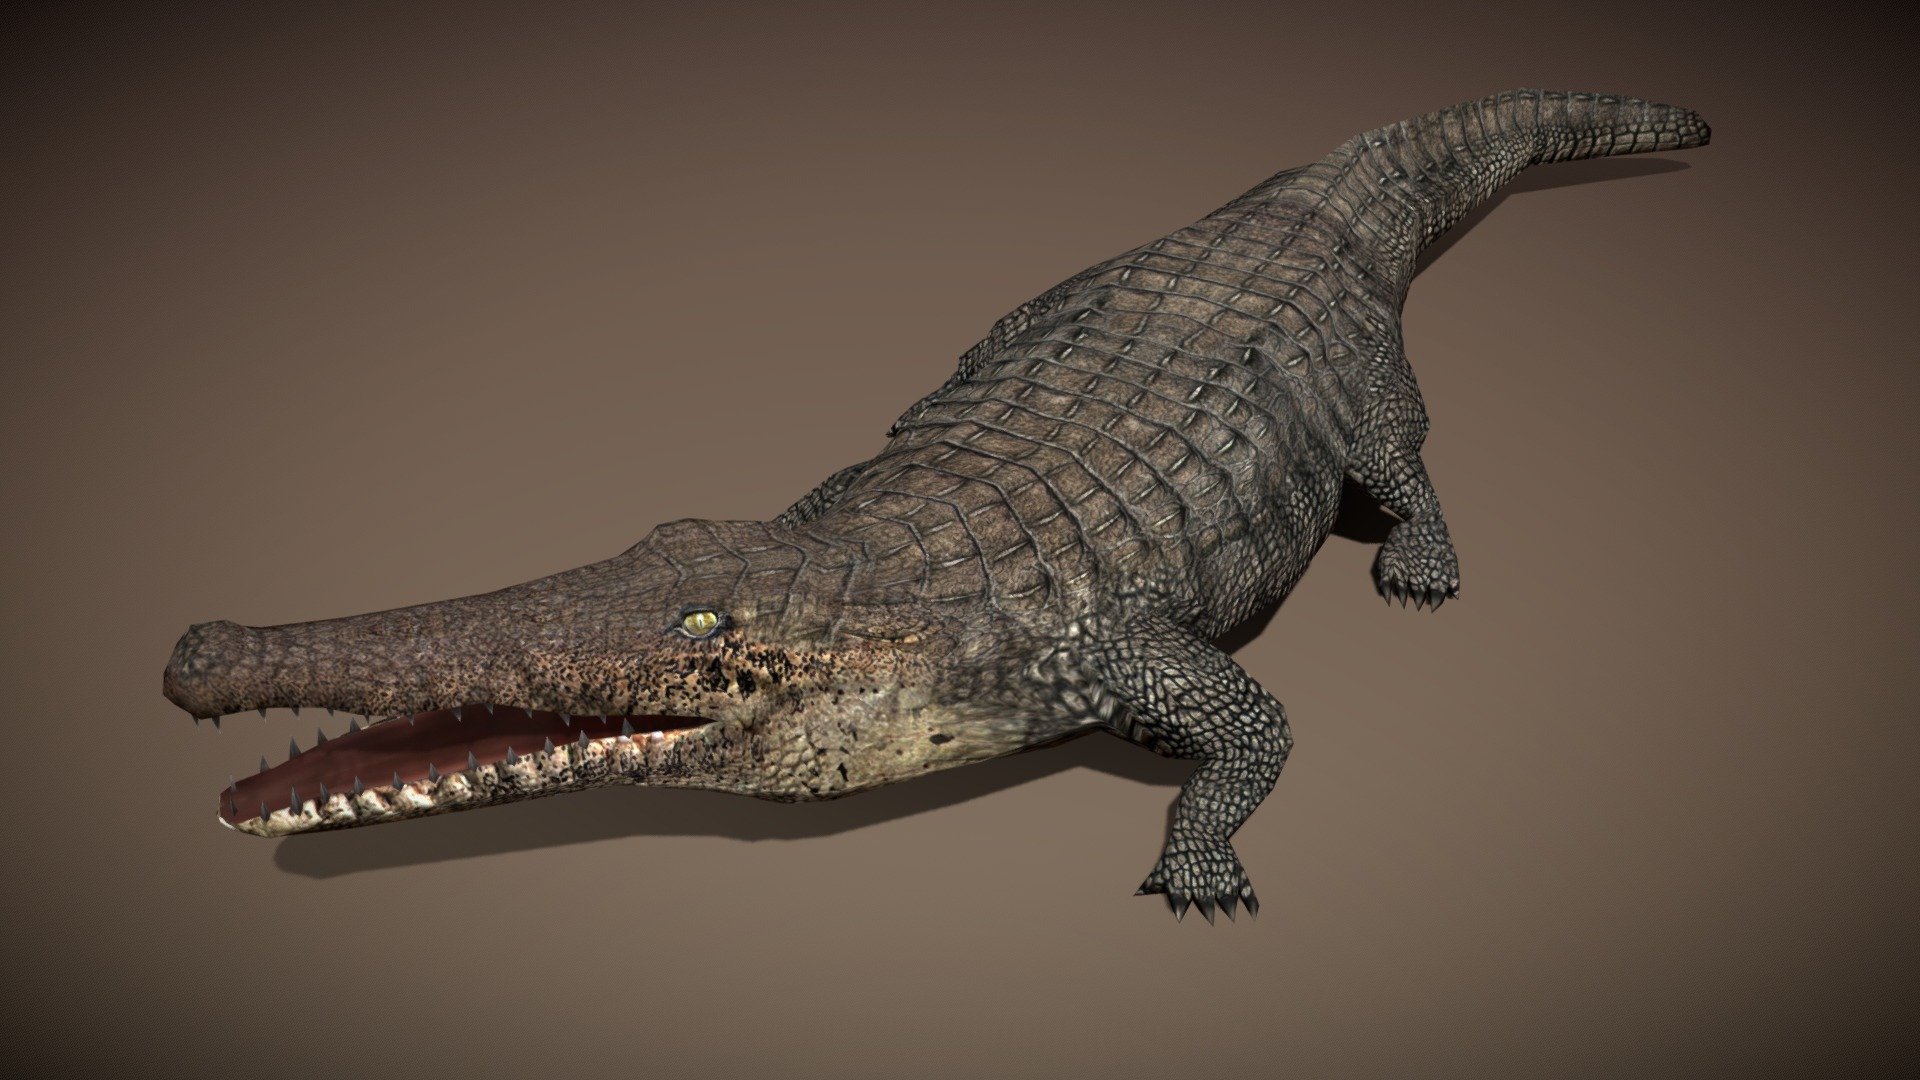 Safari Animals Crocodile Buy Royalty Free 3d Model By 3drt Com 3drt Com Ed93f01
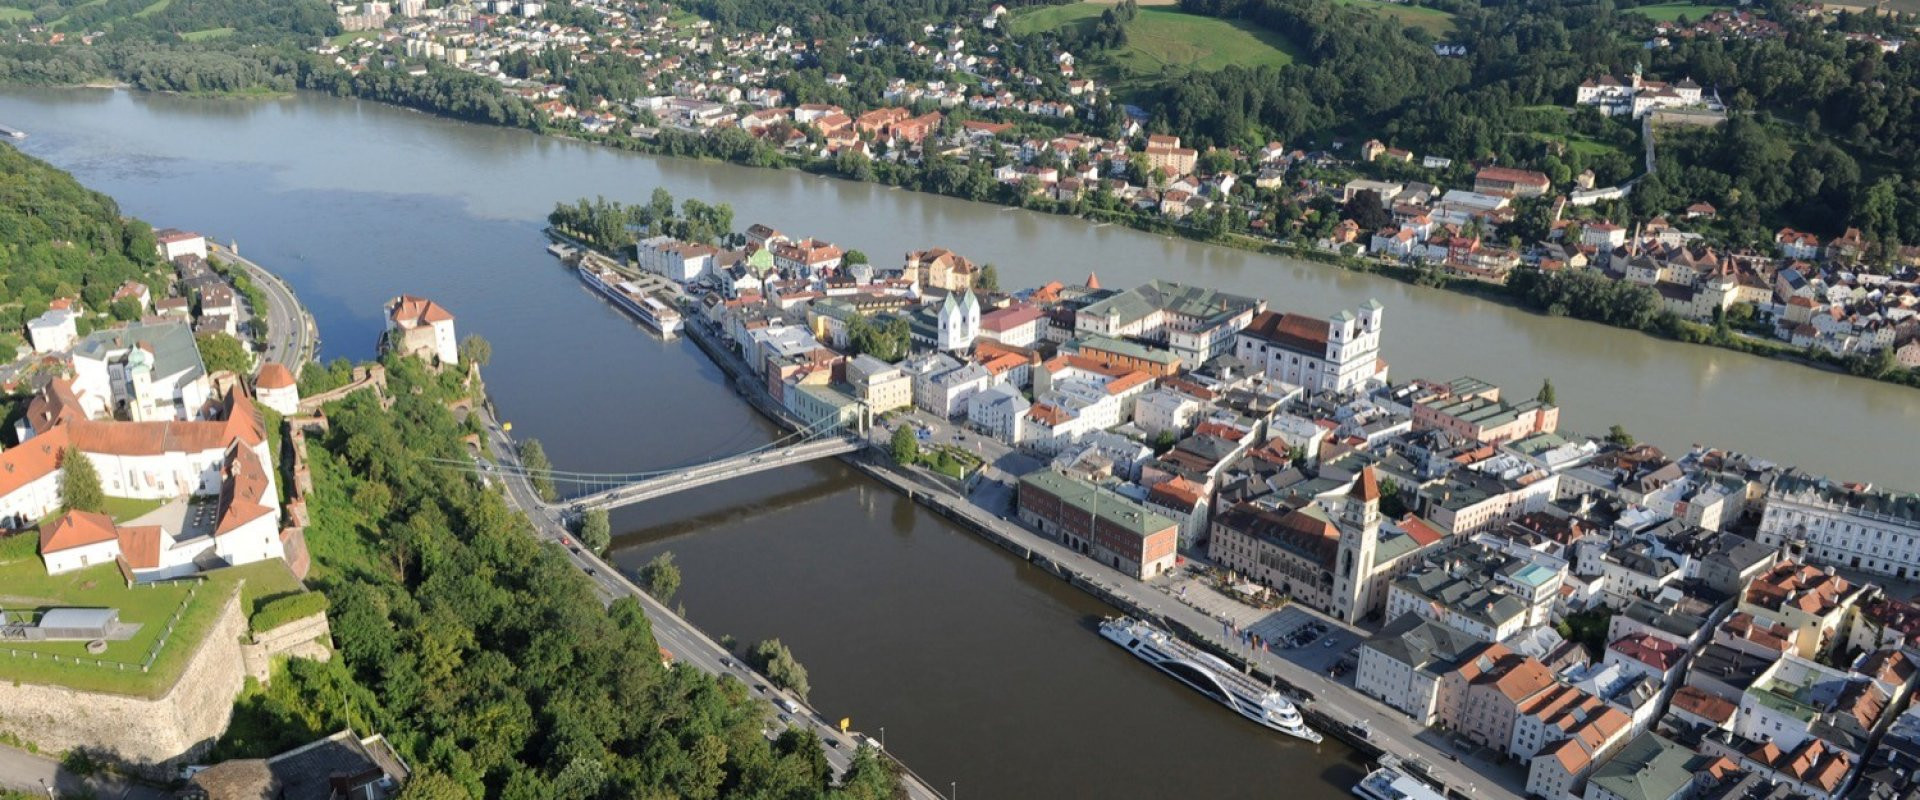 Handwerk Passau
 CMP City Marketing Passau
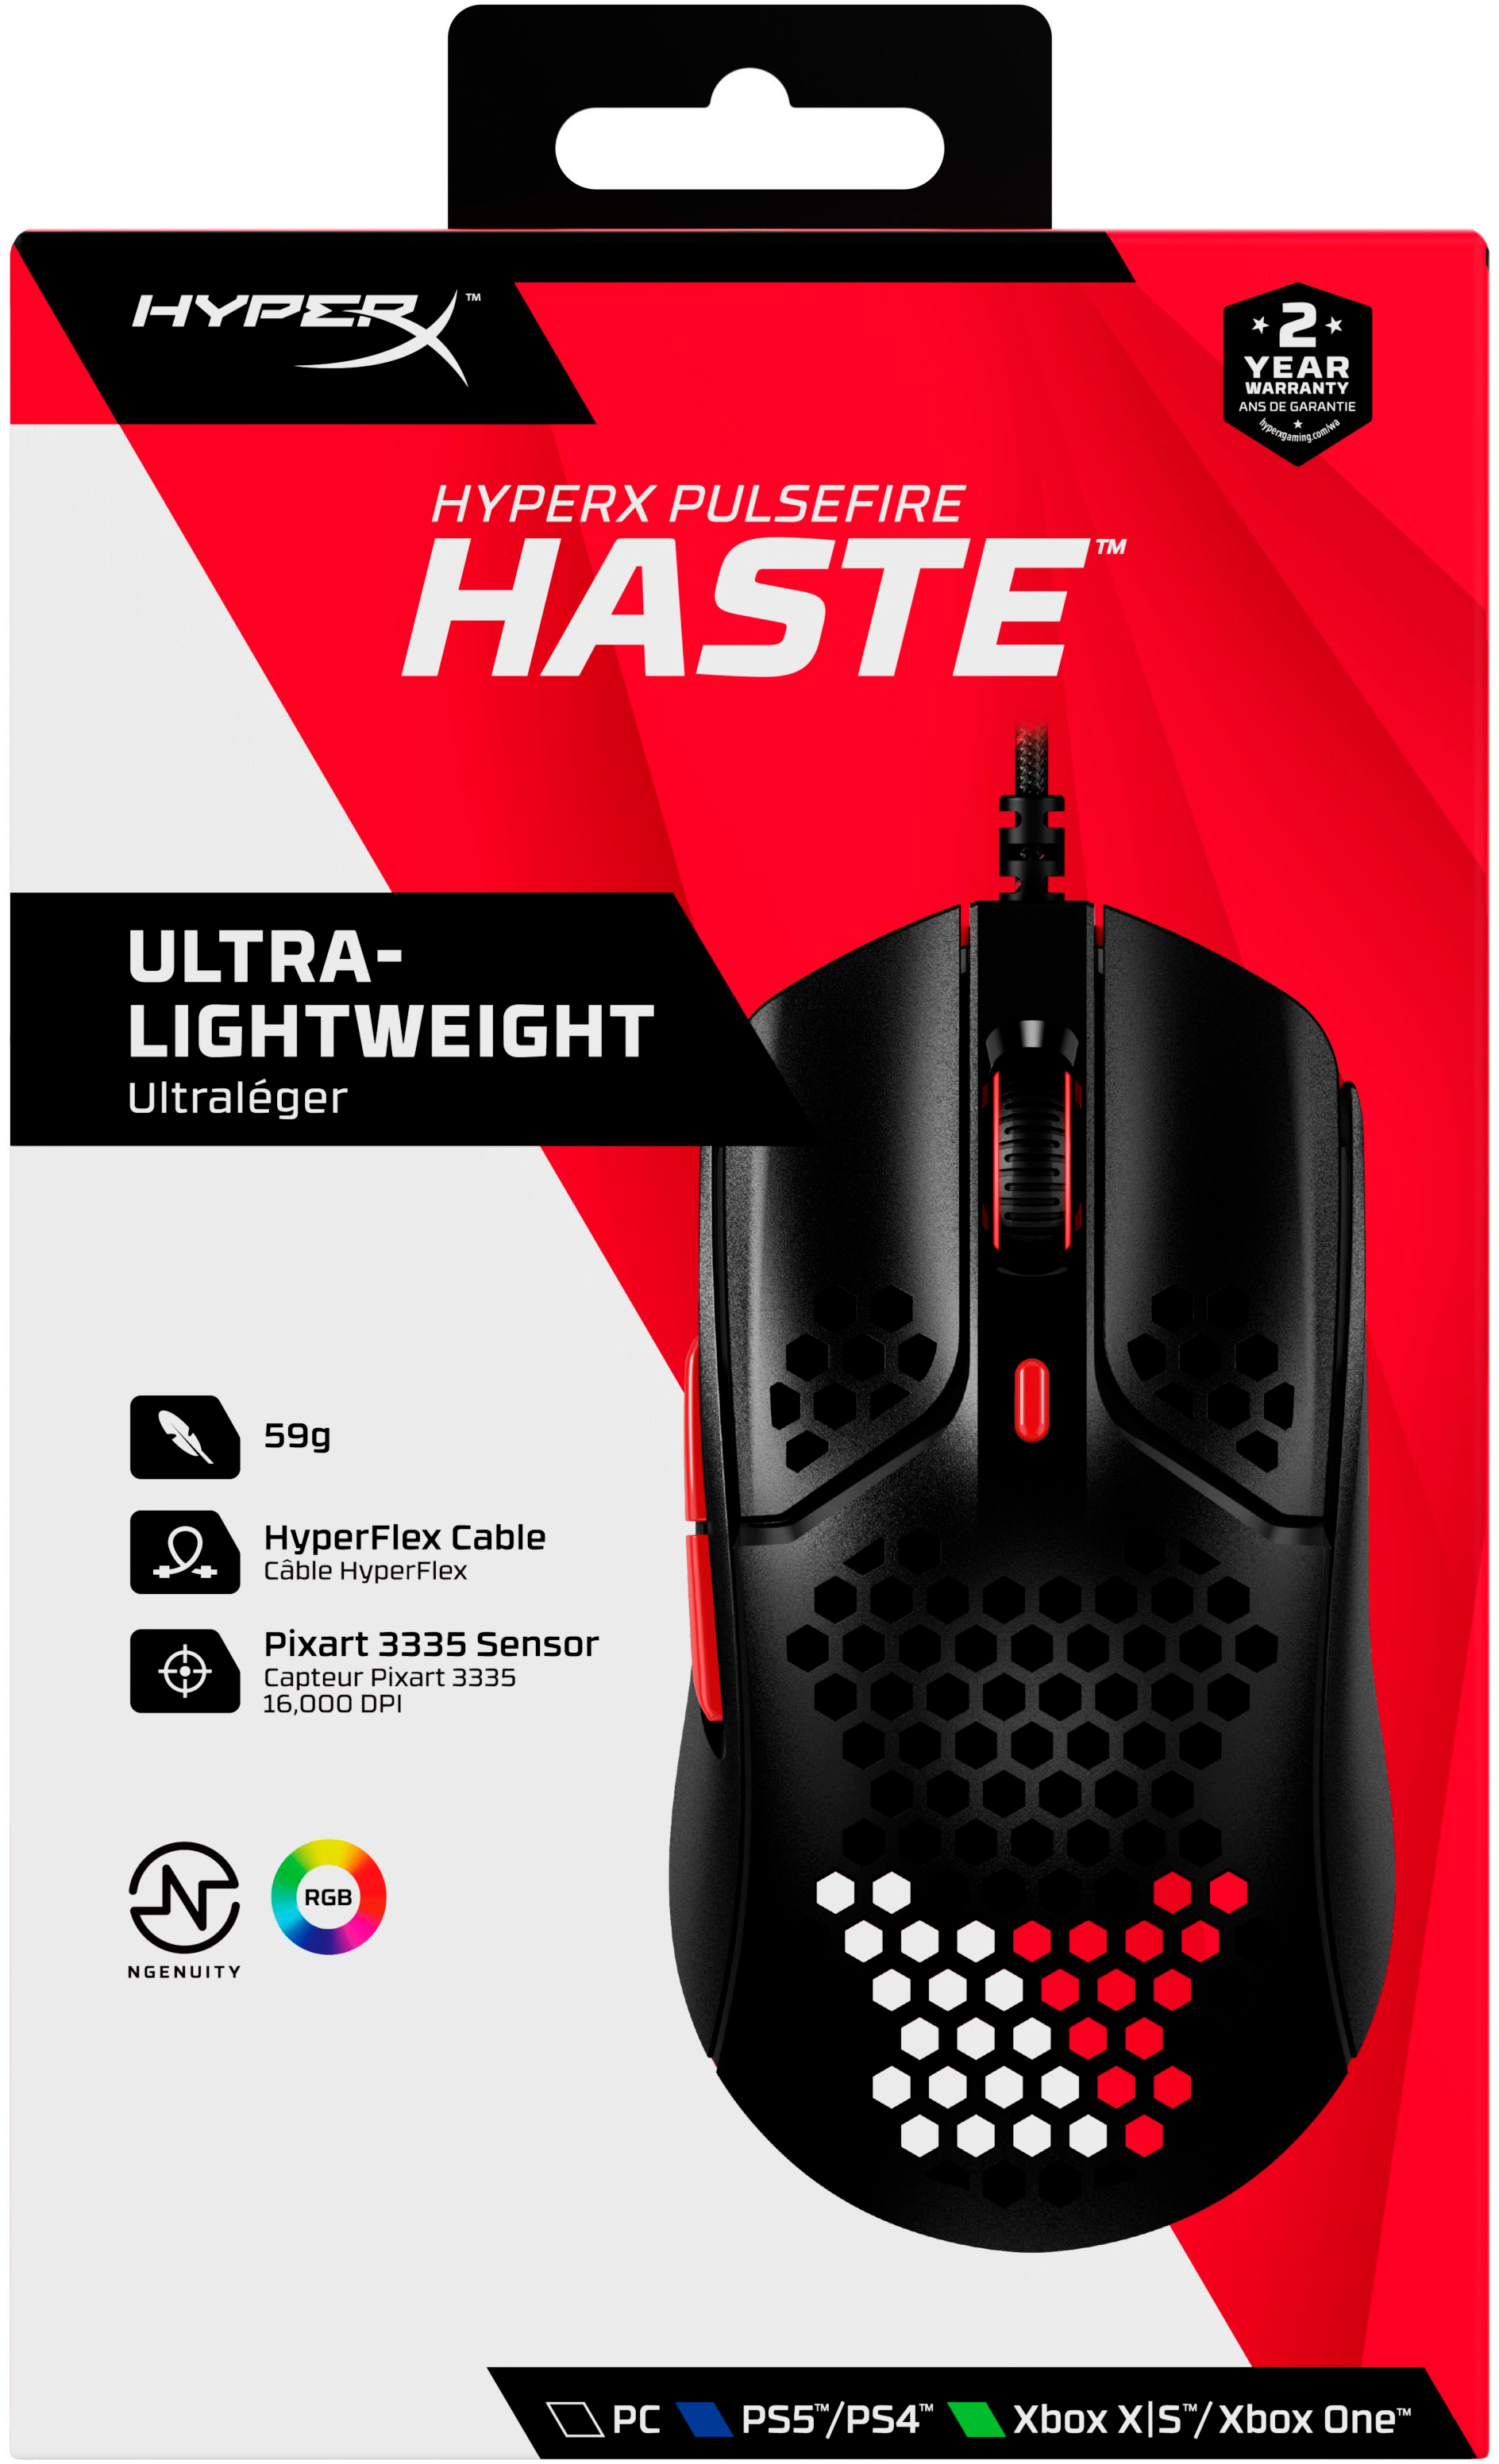 HyperX Pulsefire Haste Wireless review: An esports-worthy wireless

┄┄┄┄┄┄┄┄┄┄

What is expected:
Exclude the images and reproduce the remaining data exactly.

Answer to this task:
 Safari Animals Crocodile Buy Royalty Free 3d Model By 3drt Com 3drt Com Ed93f01
 Handwerk Passau
 CMP City Marketing Passau
 HyperX Pulsefire Haste Wireless review: An esports-worthy wireless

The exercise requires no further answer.